▶ What the exercise asks
Please repeat the whole listing exactly, but leave the pictures out.

▶ Supplied data
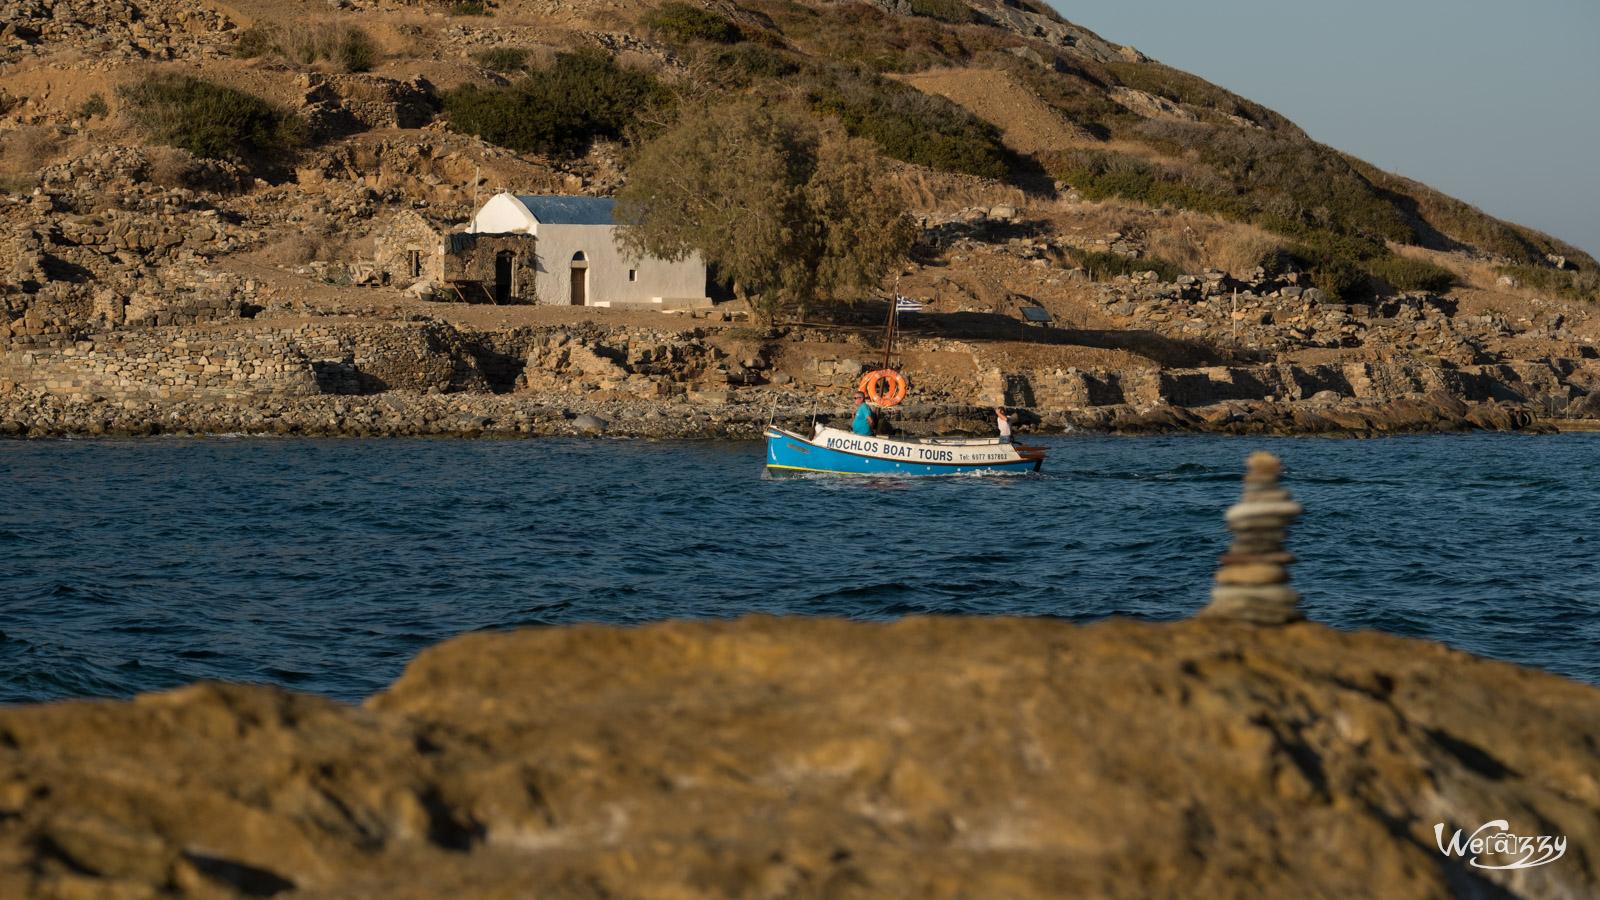 Crete, Mochlos, road-trip
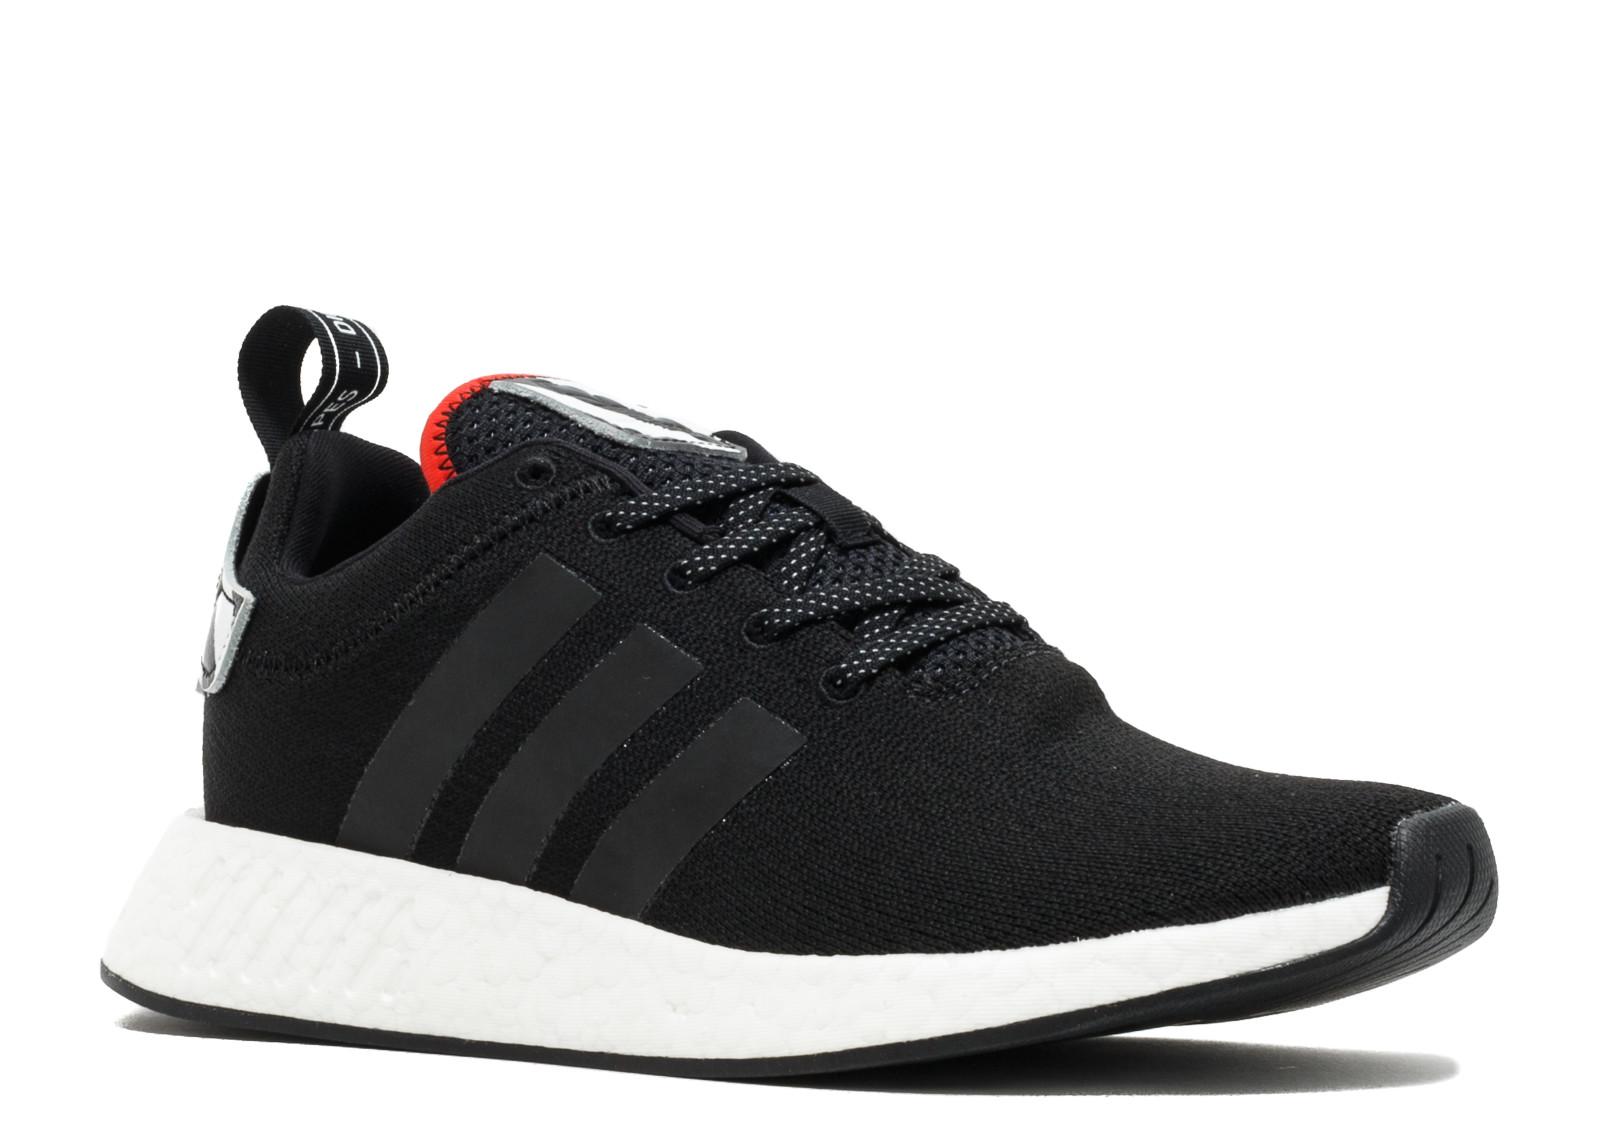 on sale 01501 540d4 Kick Avenue - Authentic Sneakers
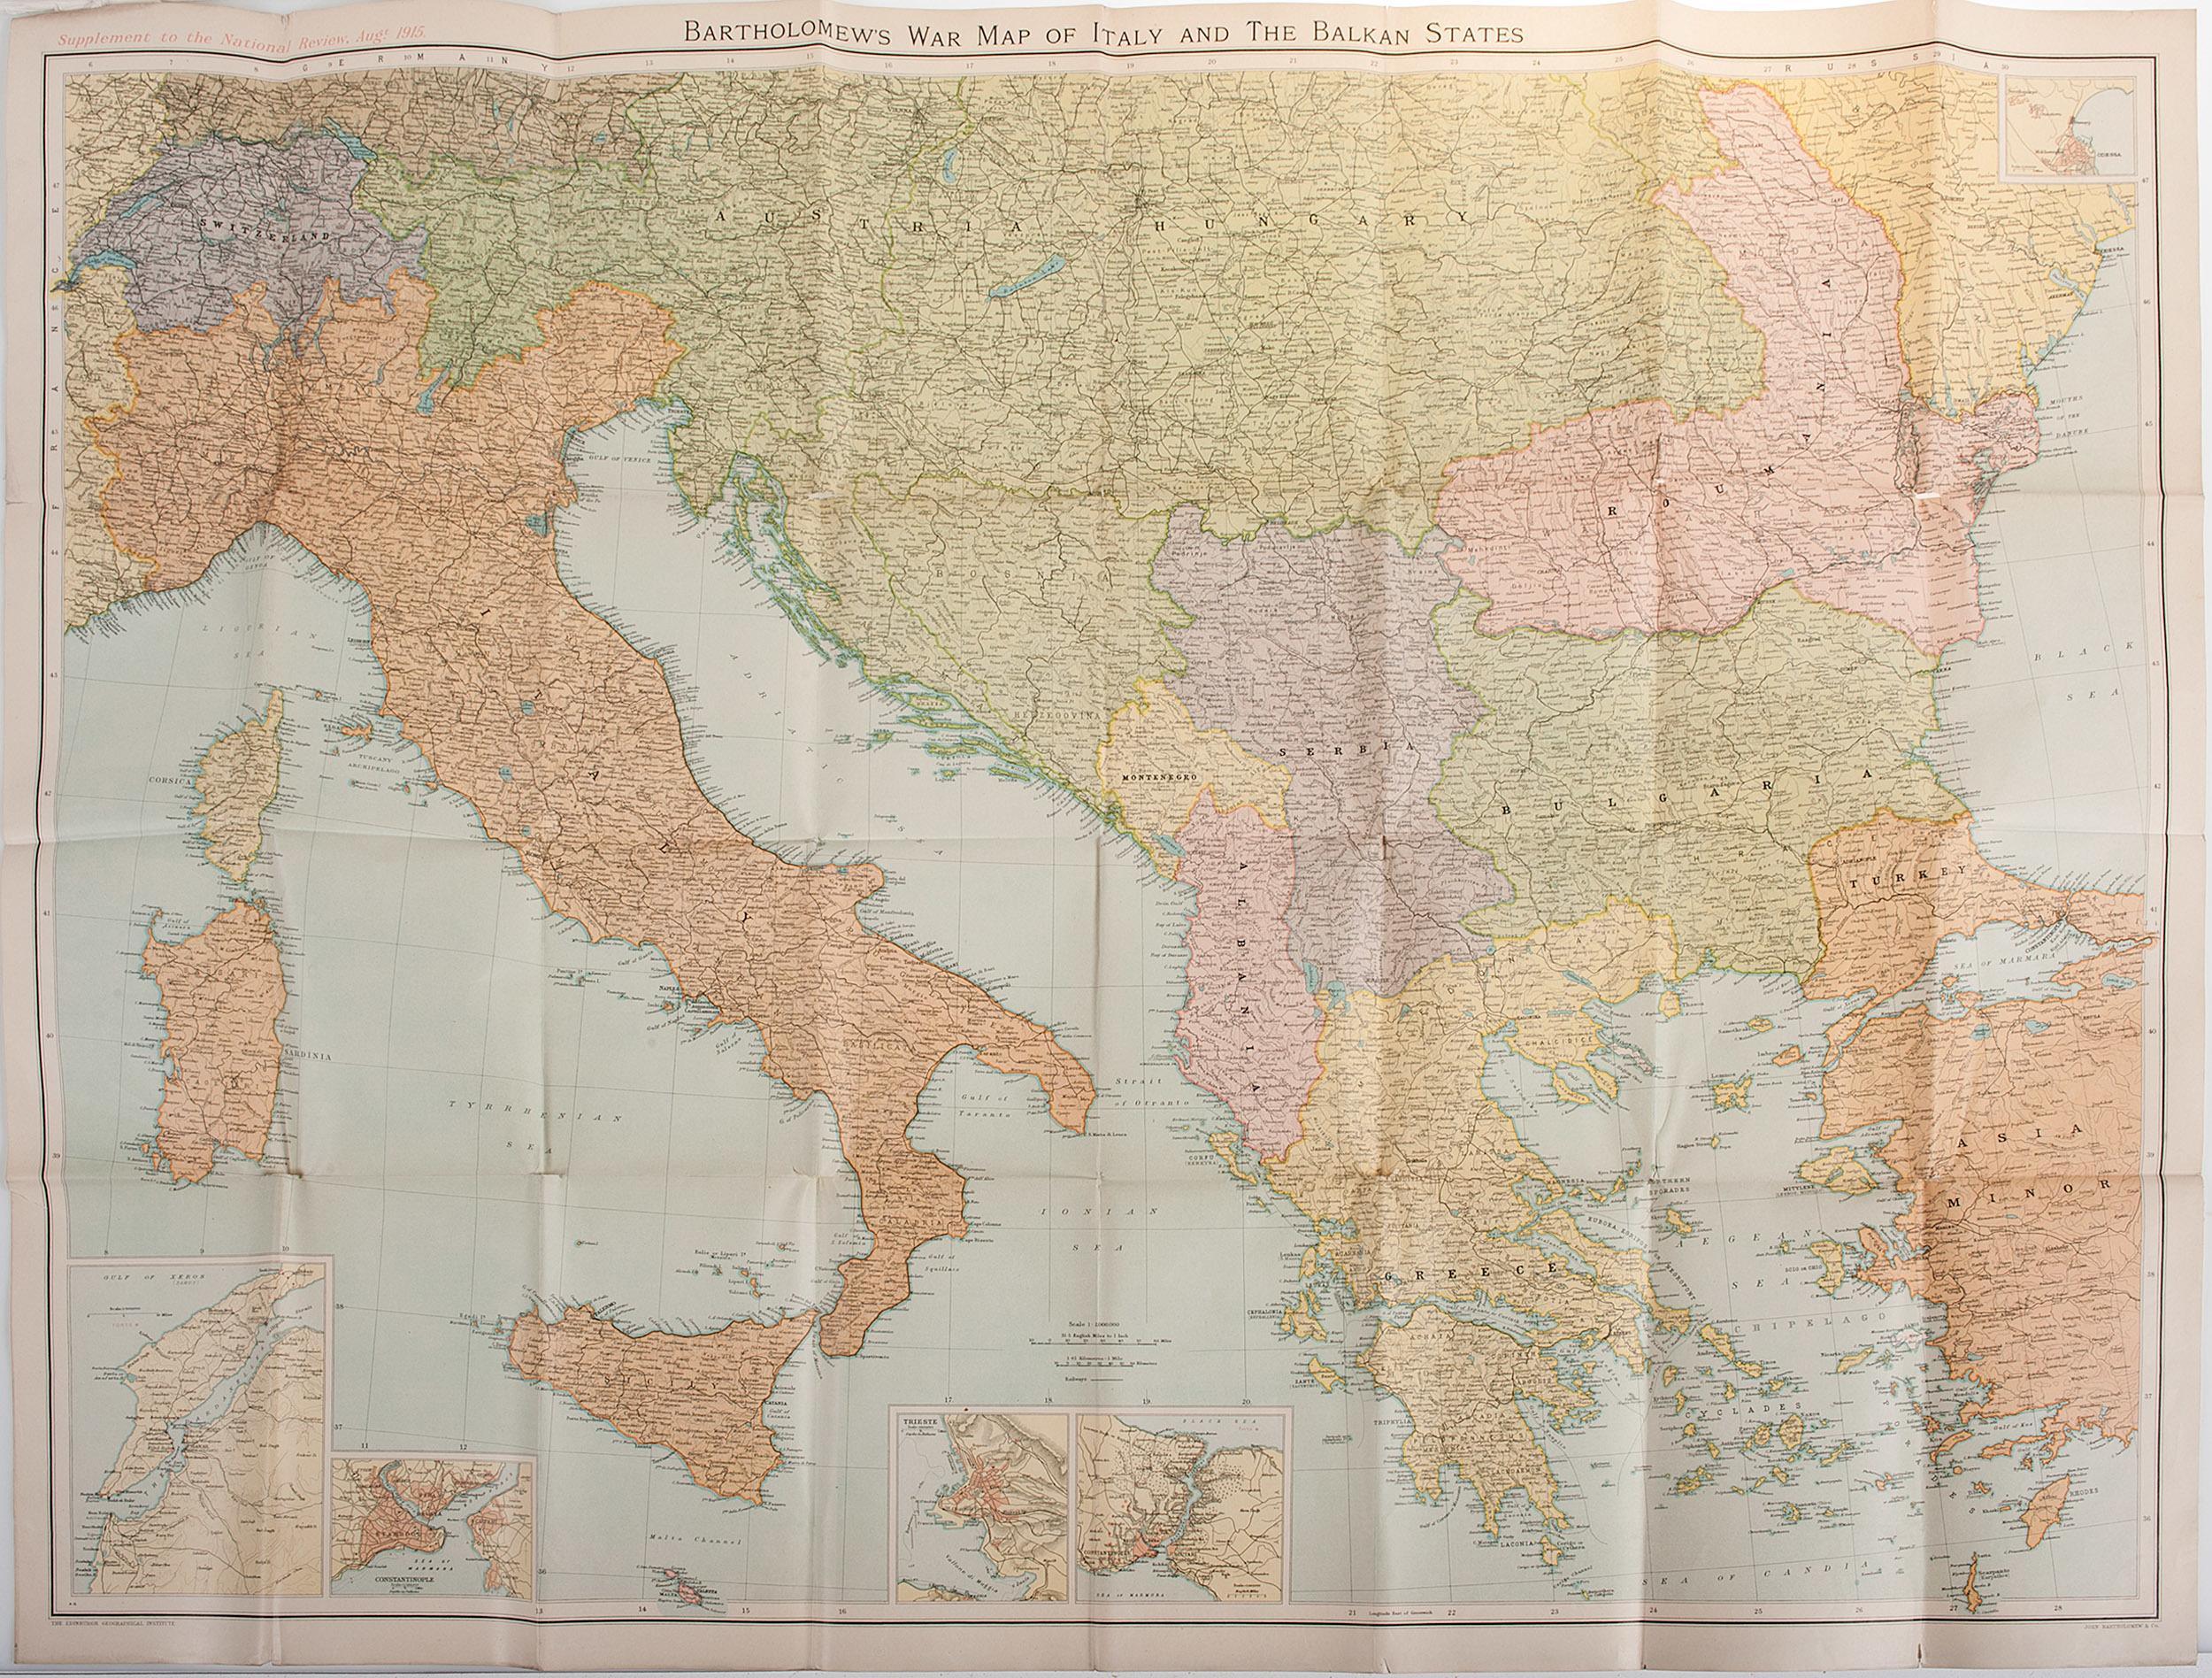 Military world war one cartography miscellaneous maps wwi military world war one cartography miscellaneous maps wwi national review gumiabroncs Choice Image
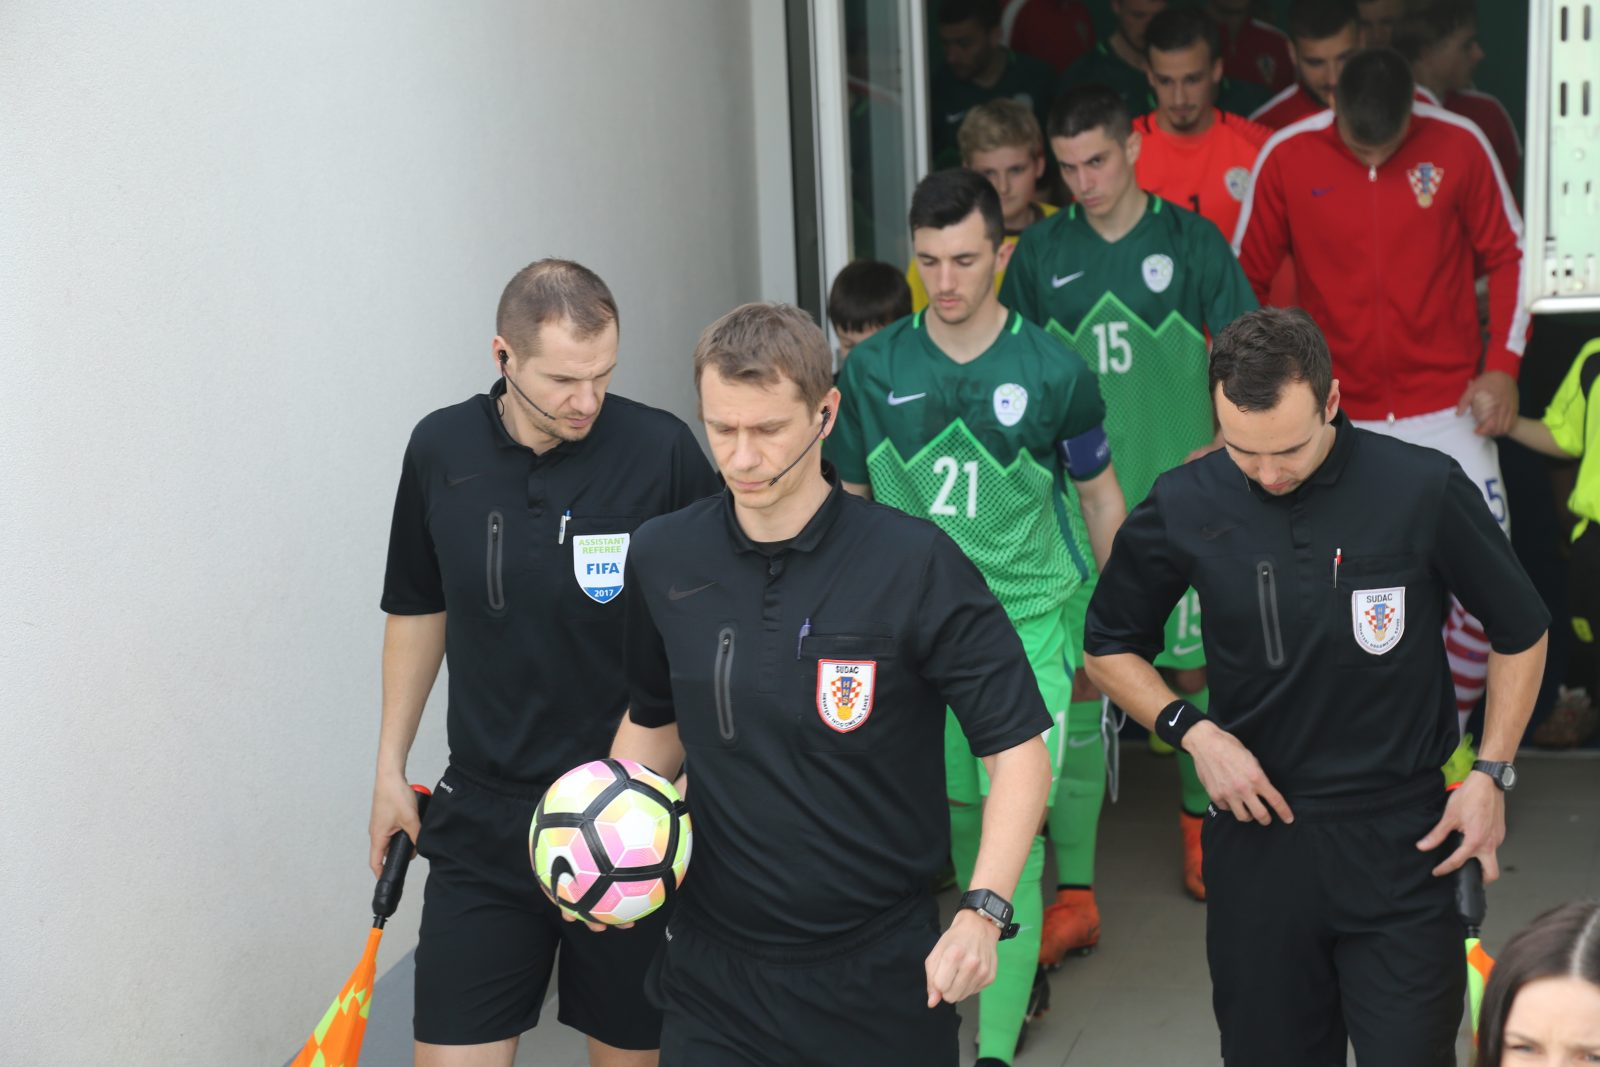 Hrvatska-Slovenija U21 u Nedelišću

▶ Written solution
 Crete, Mochlos, road-trip
 on sale 01501 540d4 Kick Avenue - Authentic Sneakers
 Military world war one cartography miscellaneous maps wwi military world war one cartography miscellaneous maps wwi national review gumiabroncs Choice Image
 Hrvatska-Slovenija U21 u Nedelišću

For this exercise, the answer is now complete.